The schema is compatible with [git-pkgs](https://github.com/git-pkgs) databases. The proxy adds the `artifacts` and `vulnerabilities` tables on top of the shared `packages` and `versions` tables, so both tools can point at the same database.
**Tables:**
```sql
packages (
id INTEGER PRIMARY KEY, -- SERIAL on Postgres
purl TEXT NOT NULL, -- unique, e.g. pkg:npm/lodash
ecosystem TEXT NOT NULL,
name TEXT NOT NULL,
latest_version TEXT,
license TEXT,
description TEXT,
homepage TEXT,
repository_url TEXT,
registry_url TEXT,
supplier_name TEXT,
supplier_type TEXT,
source TEXT,
enriched_at DATETIME,
vulns_synced_at DATETIME,
created_at DATETIME,
updated_at DATETIME
)
-- indexes: purl (unique), (ecosystem, name)
versions (
id INTEGER PRIMARY KEY,
purl TEXT NOT NULL, -- unique, e.g. pkg:npm/lodash@4.17.21
package_purl TEXT NOT NULL, -- FK to packages.purl
license TEXT,
published_at DATETIME,
integrity TEXT, -- subresource integrity hash
yanked INTEGER DEFAULT 0, -- BOOLEAN on Postgres
source TEXT,
enriched_at DATETIME,
created_at DATETIME,
updated_at DATETIME
)
-- indexes: purl (unique), package_purl
artifacts (
id INTEGER PRIMARY KEY,
version_purl TEXT NOT NULL,
filename TEXT NOT NULL,
upstream_url TEXT NOT NULL,
storage_path TEXT, -- null until cached
content_hash TEXT, -- SHA-256
size INTEGER, -- BIGINT on Postgres
content_type TEXT,
fetched_at DATETIME,
hit_count INTEGER DEFAULT 0, -- BIGINT on Postgres
last_accessed_at DATETIME,
created_at DATETIME,
updated_at DATETIME
)
-- indexes: (version_purl, filename) unique, storage_path, last_accessed_at
vulnerabilities (
id INTEGER PRIMARY KEY,
vuln_id TEXT NOT NULL, -- e.g. CVE-2021-1234
ecosystem TEXT NOT NULL,
package_name TEXT NOT NULL,
severity TEXT,
summary TEXT,
fixed_version TEXT,
cvss_score REAL,
"references" TEXT, -- JSON array
fetched_at DATETIME,
created_at DATETIME,
updated_at DATETIME
)
-- indexes: (vuln_id, ecosystem, package_name) unique, (ecosystem, package_name)
```
On PostgreSQL, `INTEGER PRIMARY KEY` becomes `SERIAL`, `DATETIME` becomes `TIMESTAMP`, `INTEGER DEFAULT 0` booleans become `BOOLEAN DEFAULT FALSE`, and size/count columns use `BIGINT`.
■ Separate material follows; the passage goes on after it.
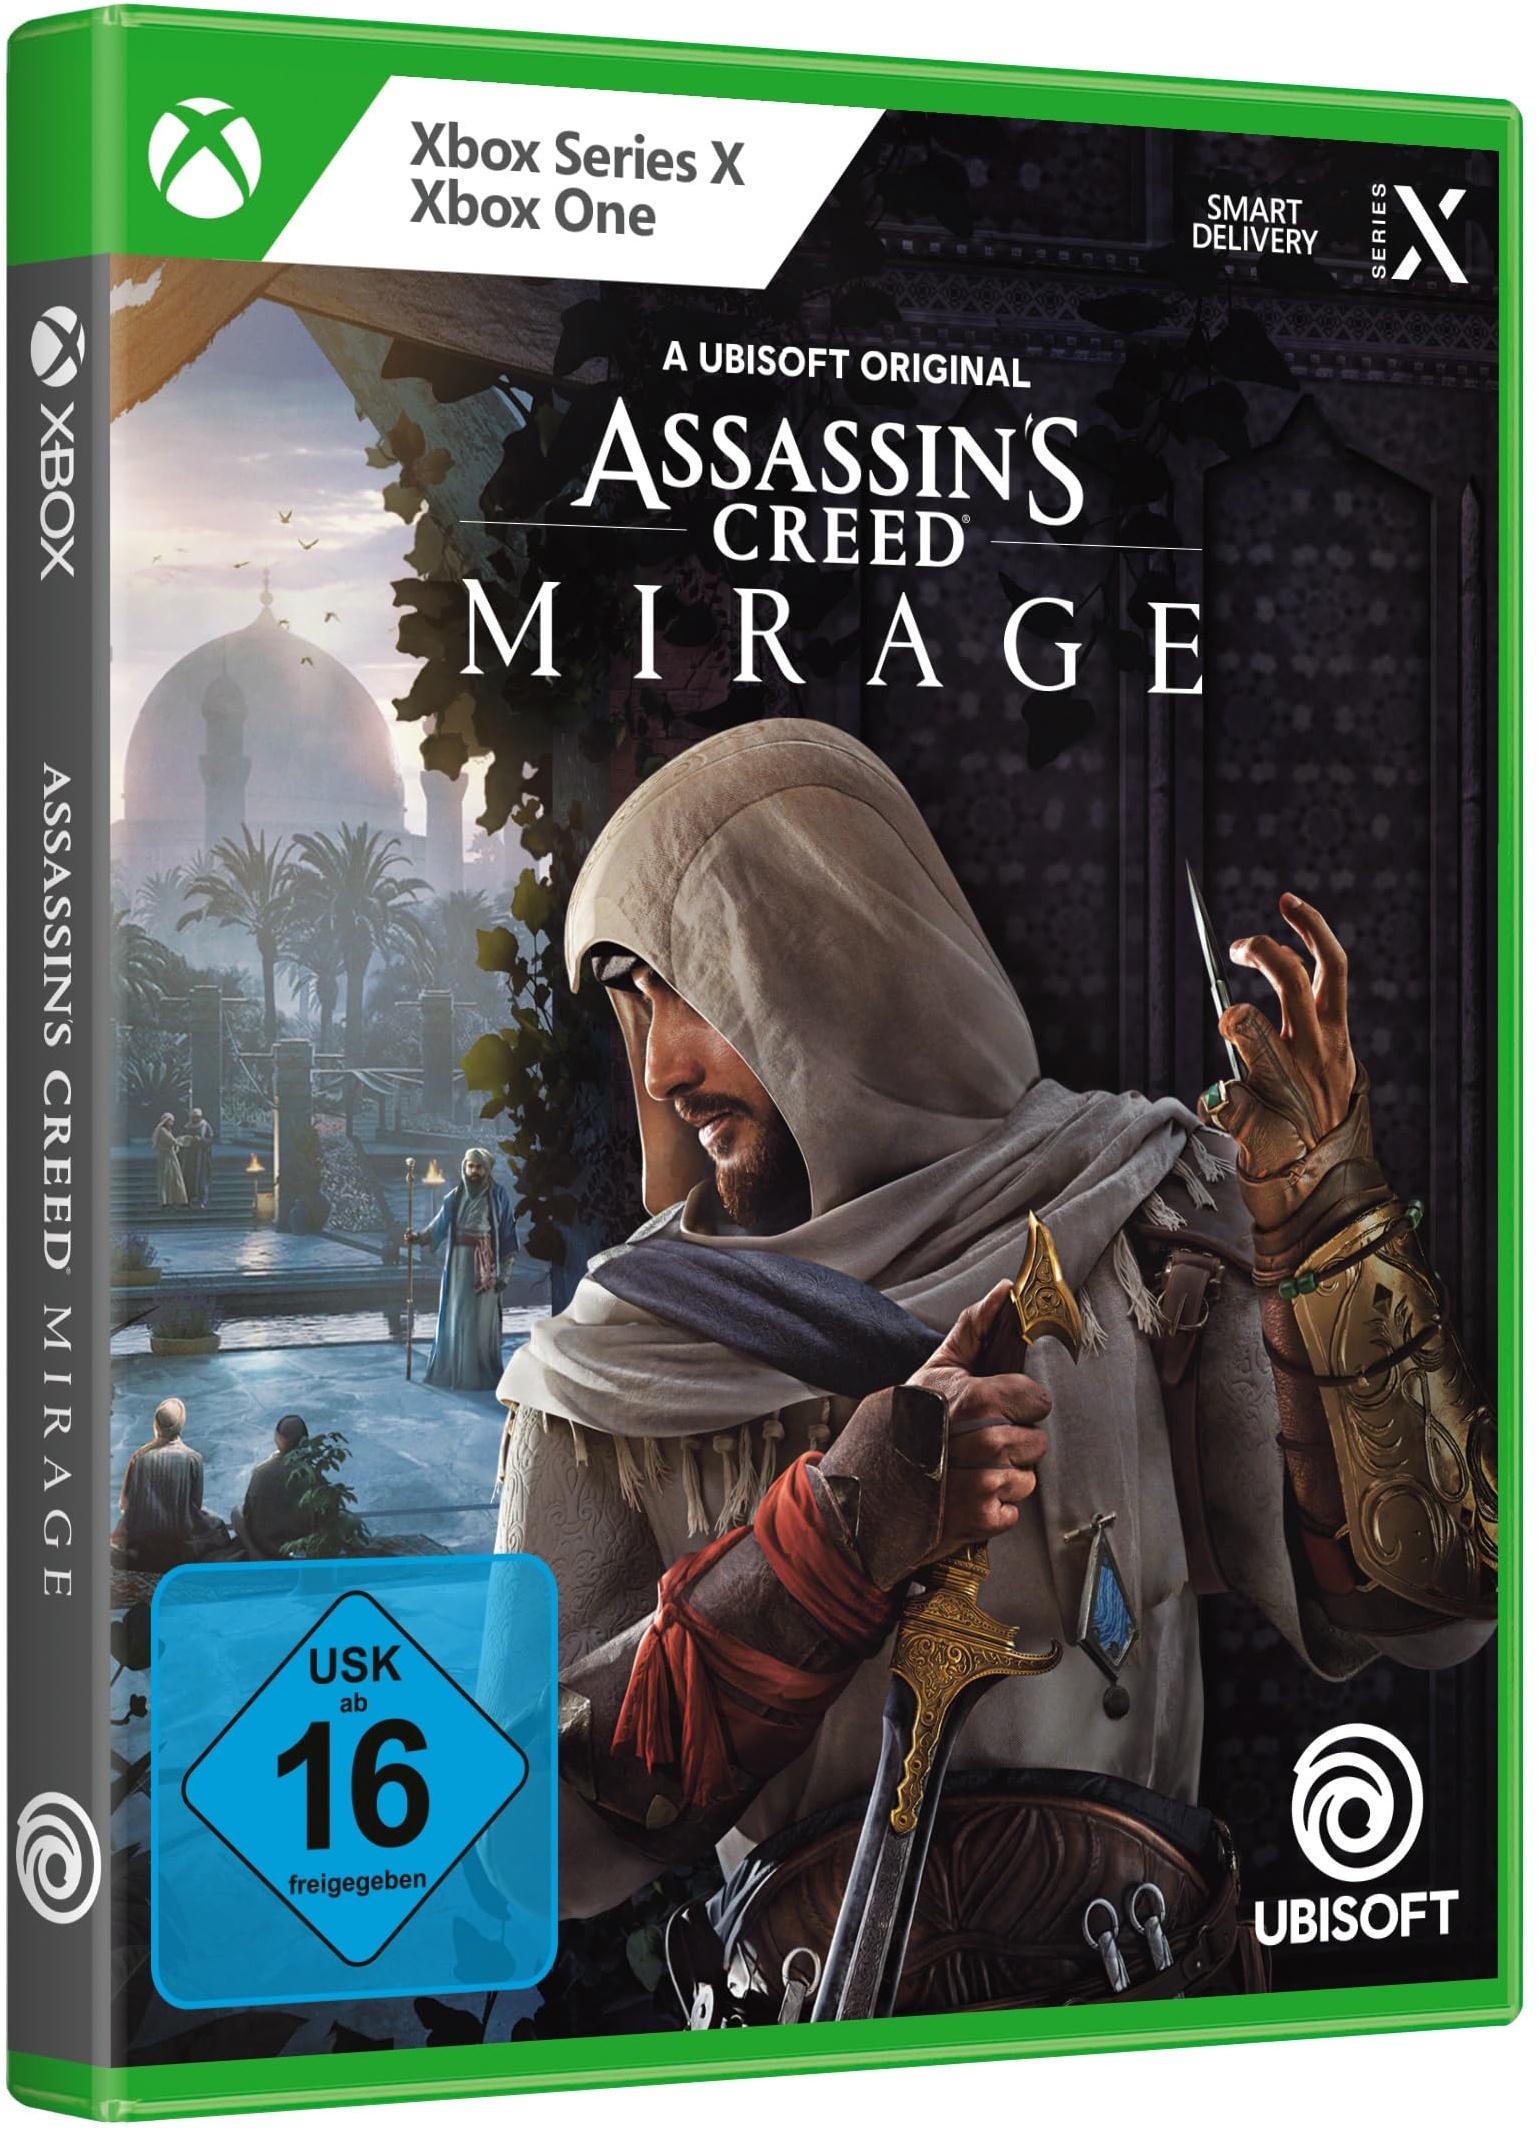 Assassin's Creed Mirage [Xbox One, Xbox Series X] - Uncut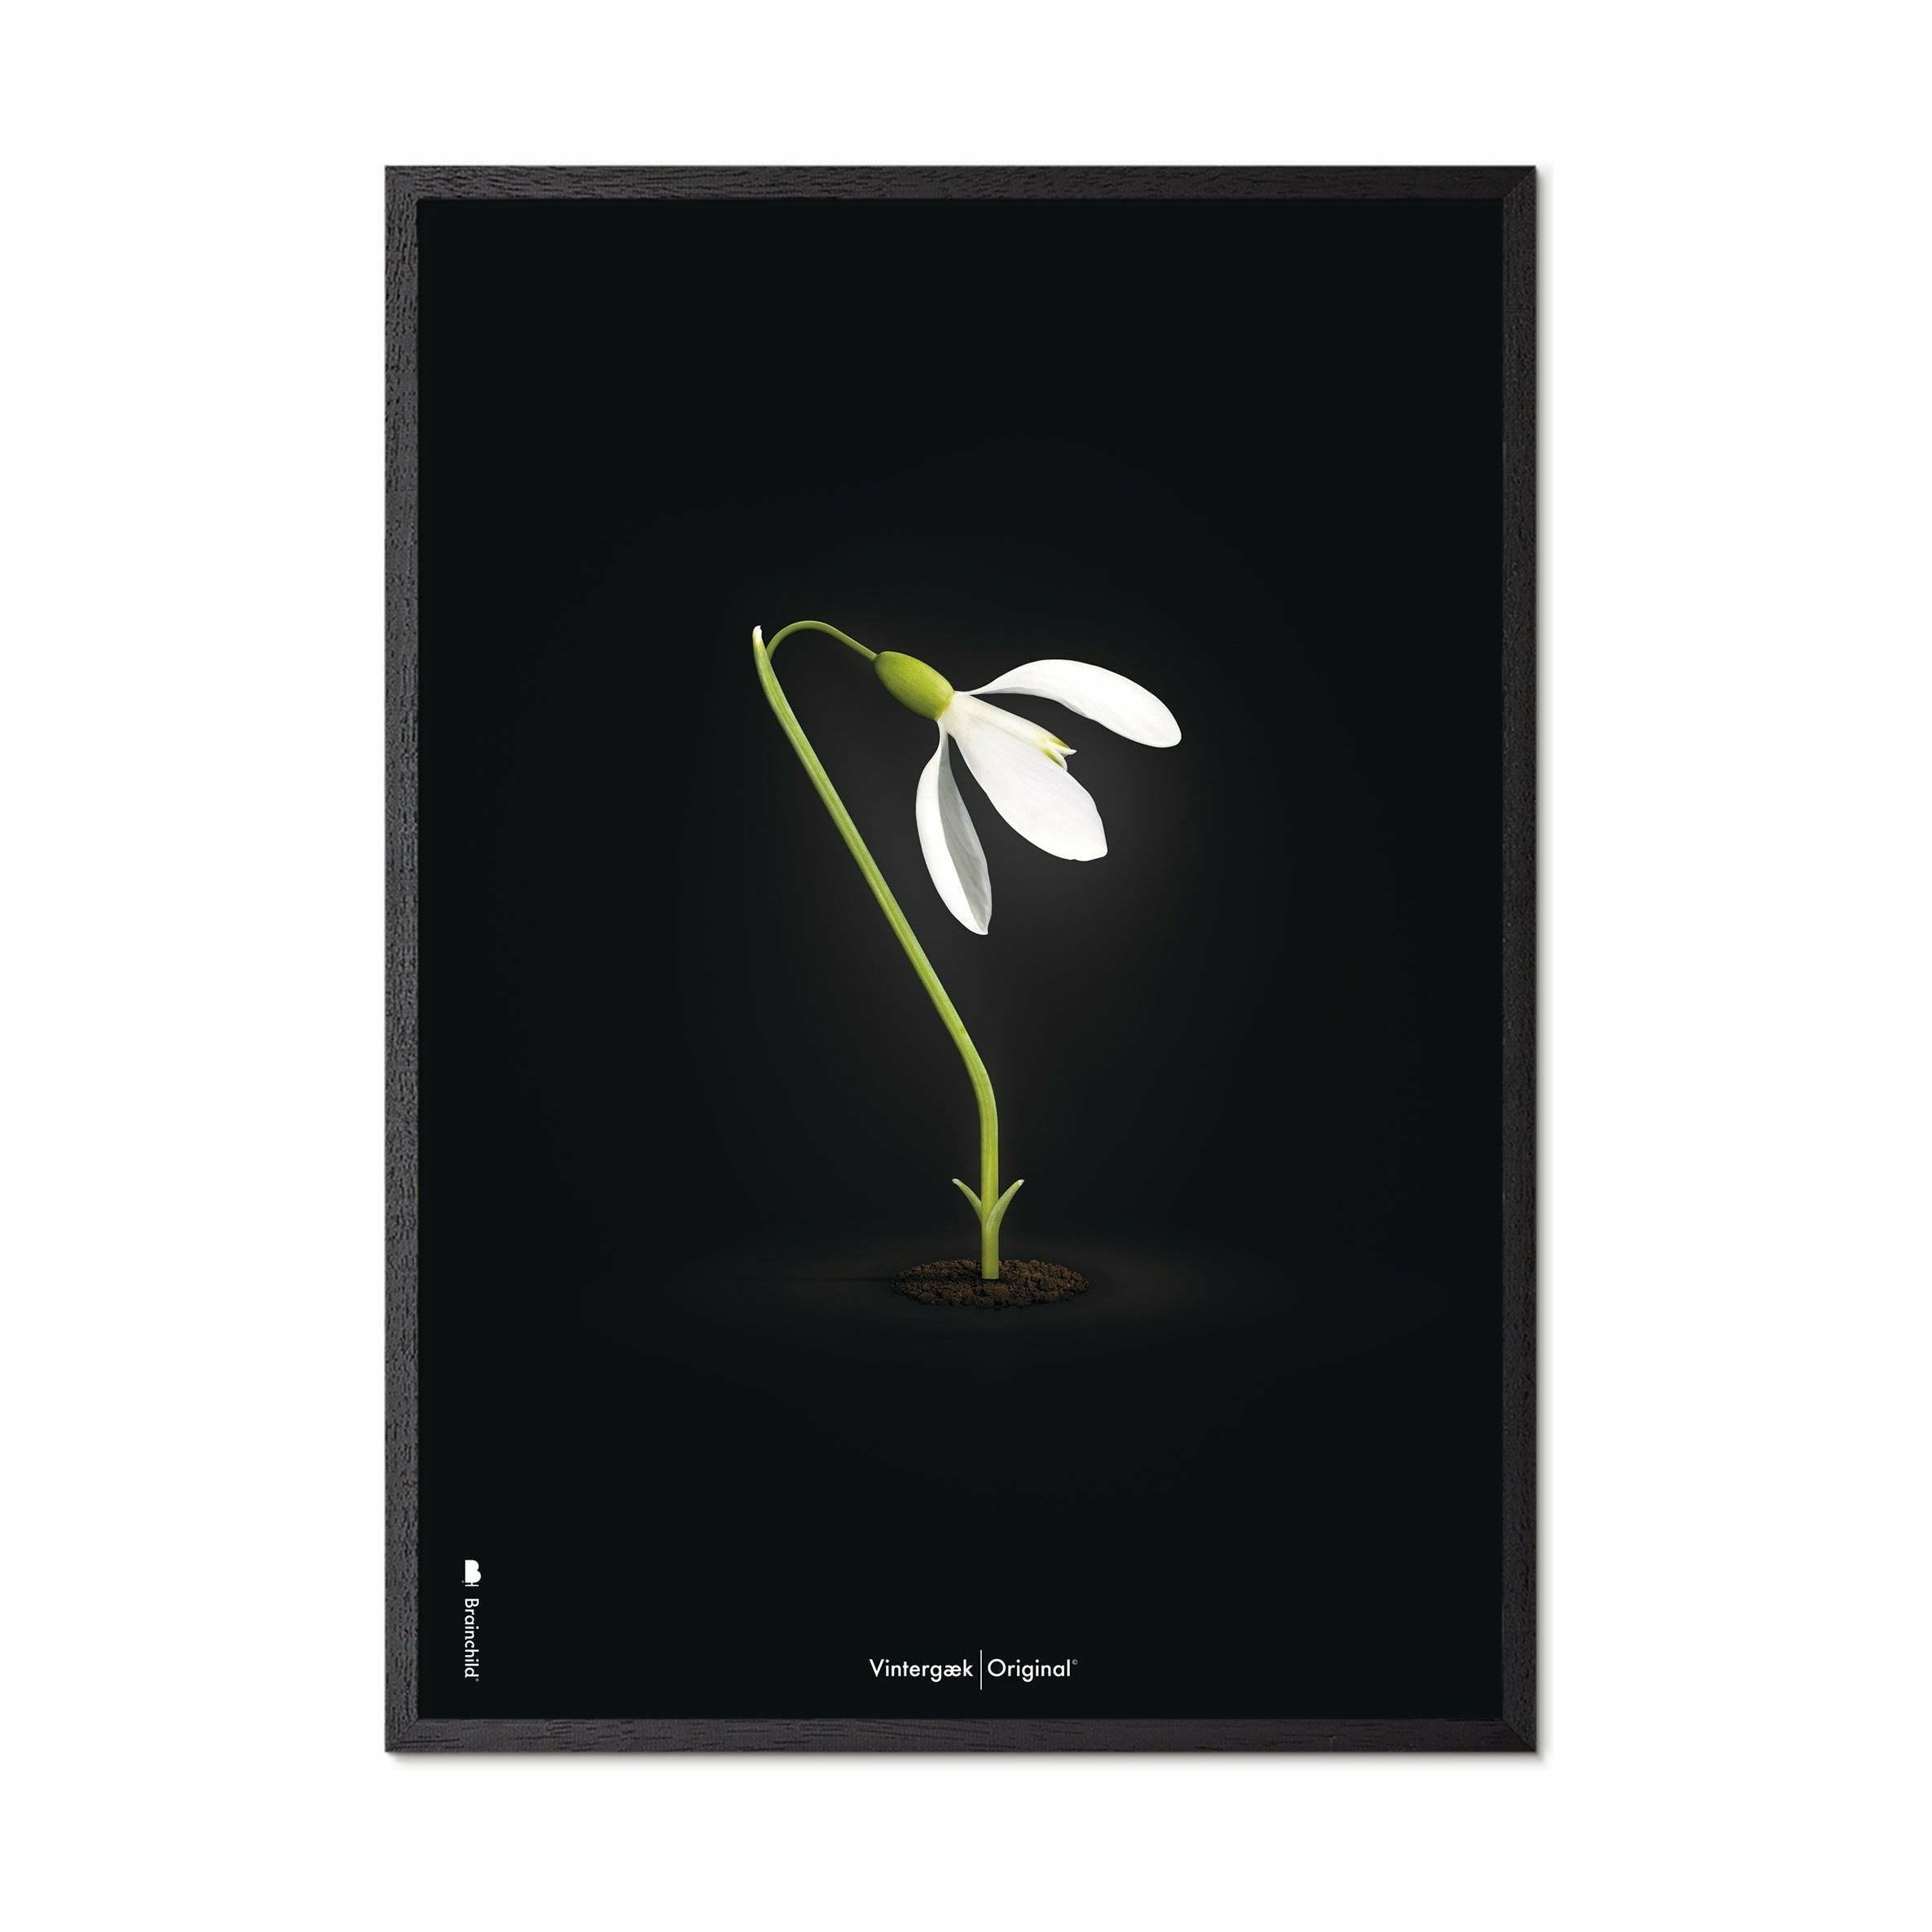 Brainchild Snowdrop Classic Poster, Frame In Black Lacquered Wood 70x100 Cm, Black Background

The `MigrateSchema()` function handles backward compatibility with older git-pkgs databases by adding missing columns via `ALTER TABLE` as needed.
**Key operations:**
- `GetPackageByPURL()` - Look up package by PURL
- `GetVersionByPURL()` - Look up version by PURL
- `GetArtifact()` - Look up artifact by version + filename
- `UpsertPackage/Version/Artifact()` - Insert or update records
- `RecordArtifactHit()` - Increment hit counter, update access time
- `GetLeastRecentlyUsedArtifacts()` - For cache eviction
- `SearchPackages()` - Full-text search across cached packages
### `internal/storage`
File storage abstraction. Current implementation uses local filesystem.
**Interface:**
```go
type Storage interface {
Store(ctx, path, reader) (size, hash, error)
Open(ctx, path) (io.ReadCloser, error)
Exists(ctx, path) (bool, error)
Delete(ctx, path) error
Size(ctx, path) (int64, error)
UsedSpace(ctx) (int64, error)
}
```
**Filesystem implementation:**
- Stores files in nested directories: `{ecosystem}/{name}/{version}/{filename}`
- Atomic writes using temp file + rename
- Computes SHA256 hash during write
- Cleans up empty parent directories on delete
**Path structure:**
```
cache/artifacts/
├── npm/
│ ├── lodash/
│ │ └── 4.17.21/
│ │ └── lodash-4.17.21.tgz
│ └── @babel/
│ └── core/
│ └── 7.23.0/
│ └── core-7.23.0.tgz
└── cargo/
└── serde/
└── 1.0.193/
└── serde-1.0.193.crate
```
### `internal/upstream`
Fetches artifacts from upstream registries.
**Fetcher:**
- HTTP client with configurable timeout (5 min default for large artifacts)
- Exponential backoff retry on 429 (rate limit) and 5xx errors
- Returns streaming reader (doesn't load into memory)
- Configurable user-agent
**Resolver:**
- Determines download URL for a package/version
- Handles ecosystem-specific URL patterns:
- npm: `https://registry.npmjs.org/{name}/-/{shortname}-{version}.tgz`
- cargo: `https://static.crates.io/crates/{name}/{name}-{version}.crate`
- etc.
### `internal/handler`
HTTP protocol handlers for each registry type.
**Proxy (shared):**
- `GetOrFetchArtifact()` - Main cache logic
- Coordinates database, storage, and fetcher
- Handles cache hit/miss flow
**NPMHandler:**
- `handlePackageMetadata()` - Proxy + rewrite metadata
- `handleDownload()` - Serve cached artifact
- Rewrites tarball URLs to point at proxy
**CargoHandler:**
- `handleConfig()` - Return registry config
- `handleIndex()` - Proxy sparse index
- `handleDownload()` - Serve cached crate
### `internal/server`
HTTP server setup, web UI, and API handlers.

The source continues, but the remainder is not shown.